I do not agree with your insistence on a mechanism.
In 1964 the U.S. Surgeon General published a report where he concluded that smoking causes cancer. At that time the mechanisms behind this was not understood. However there was statistical evidence in the form of a study with over 1 million subjects that showed that smoking and cancer were highly correlated.
That meant that either
- A. smoking causes cancer
- B. cancer causes smoking
- C. another third factor causes both smoking and cancer
B. was easily be ruled out by only including those who reported to have smoked for some time prior to getting cancer. From what I understand C. was ruled out by adjusting for plausible third factors.
However I agree with your sentiment that much of the research within this field is low quality (underfunded but performed according to scientific methodology).
Looking at the metastudy linked by JustSnilloc I see some problems with many of the studies included:
1. The number of subjects is too low
3 of the studies have n = 7, 9 and 11. I doubt much trust can be placed in the results of a study with so few subjects. There is appearantly a statistical method called MBI that lets you conclude with high certanity from extremely small sample groups. This method has however been disproved and the only field where it is being used is sports science.
2. The timespan of the study is too short
For untrained subjects in particular the "newbie effect" causes hypertrophy and strength increases almost regardless of protocol to begin with.
3. It test the wrong hypothesis
It does not test the hypothesis coming from experience in the bodybuilding and strength
communities: 3-5 repetitions are ideal for strength whereas 8-12 is
ideal for hypertrophy. Instead it typically compares 8 repetitions
with 20 repetitions. There seems to be a general problem with papers being produced by people with little or no practical weight training experience: Rippetoe: The Problem with “Exercise Science”
4. The methodology in the included studies are too different.

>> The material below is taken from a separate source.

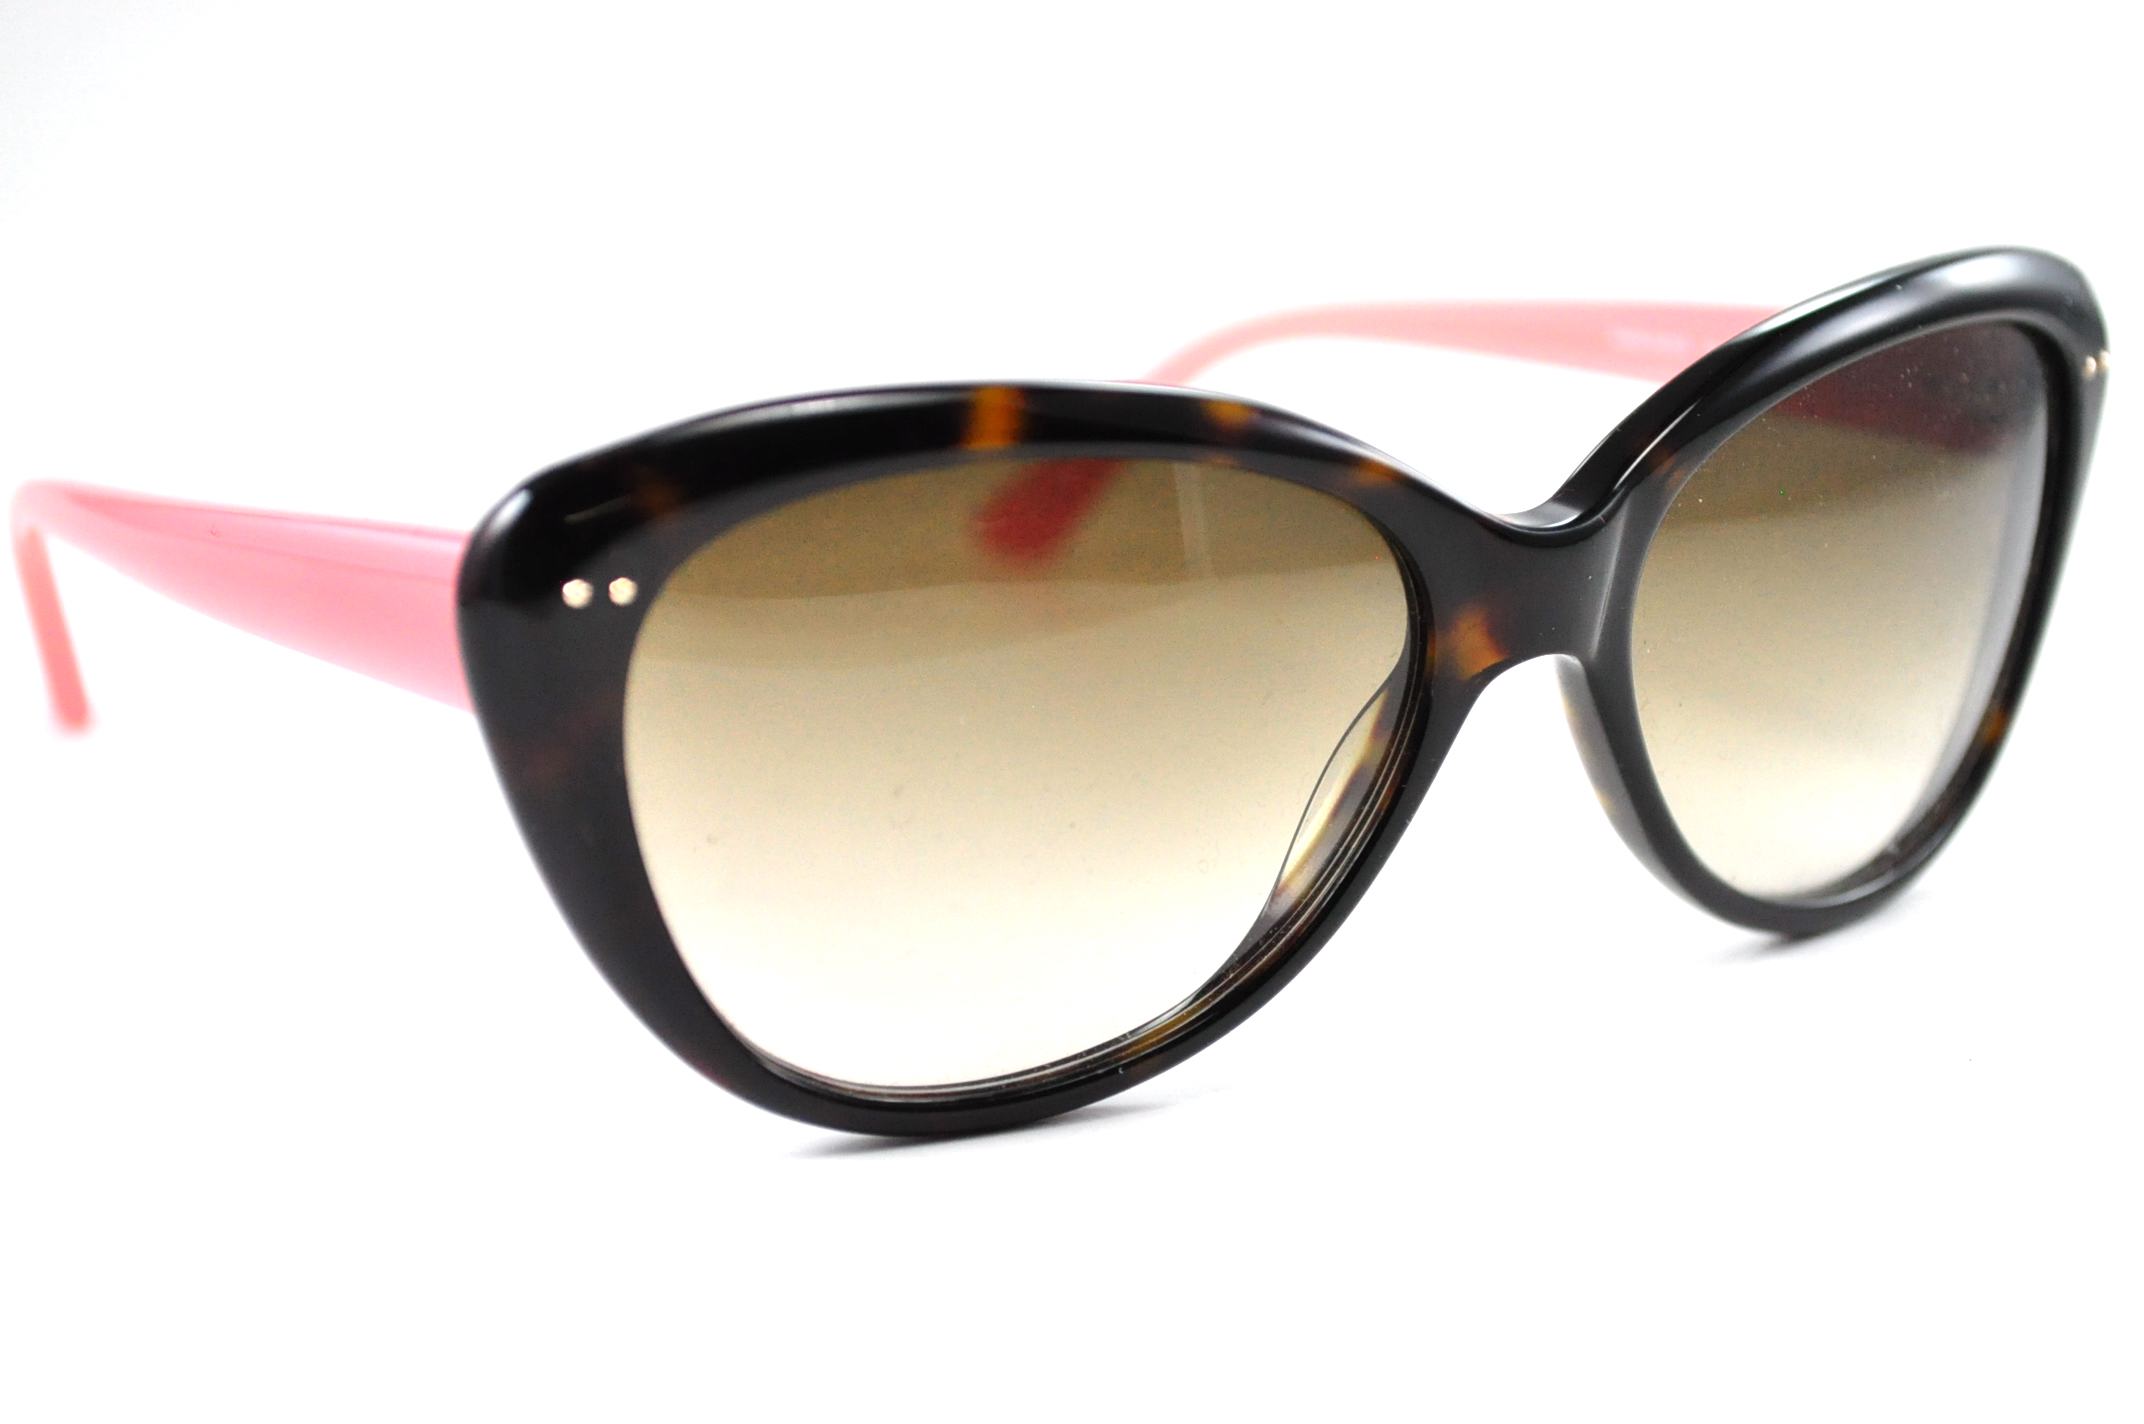 Kate Spade Angelique Women Sunglasses Tortoise Blush - image 2 of 3

I also question the value of pooling many studies with slightly varying experiments in a metastudy. As an example say that study A says that 15 reps are better than 10 reps for hypertrophy in the leg press for young men. However study B says that 5 reps are better than 12 reps for hypertrophy in the bench press for women over 40. What are we to conclude from this? The statistical method used to combine all the studies seems highly complex. It also seems to involve a lot of weights and assumptions. I remember the quote "With four parameters I can fit an elephant". Meta-analysis seems to have been used to generate some strange conclusions. This paper questions the use of meta-analyses to evaluate resistance training: "In conclusion, considering the large number of variables
involved in resistance training and the methodological inconsistencies in the current literature, it seems impossible to make
comparisons of different studies or include different studies in
the same analysis".
To me it seems that within this field a lot of reasearch is produced, but much of it is low quality or not really relevant.
There may be a problem with funding.
There seems to be enough funding for running journals and doing peer reviews etc. but maybe not enough funding to actually do long running experiments with a large number of subjects. Instead many resort to trying to extract more info from existing studies by doing meta-studies of questionable quality.
It may also be that such experiments have been conducted by large olympic teams in the past (USSR in particular) but never published. The result may now be common knowledge among top level coaches and they see no need to rerun the same costly experiments.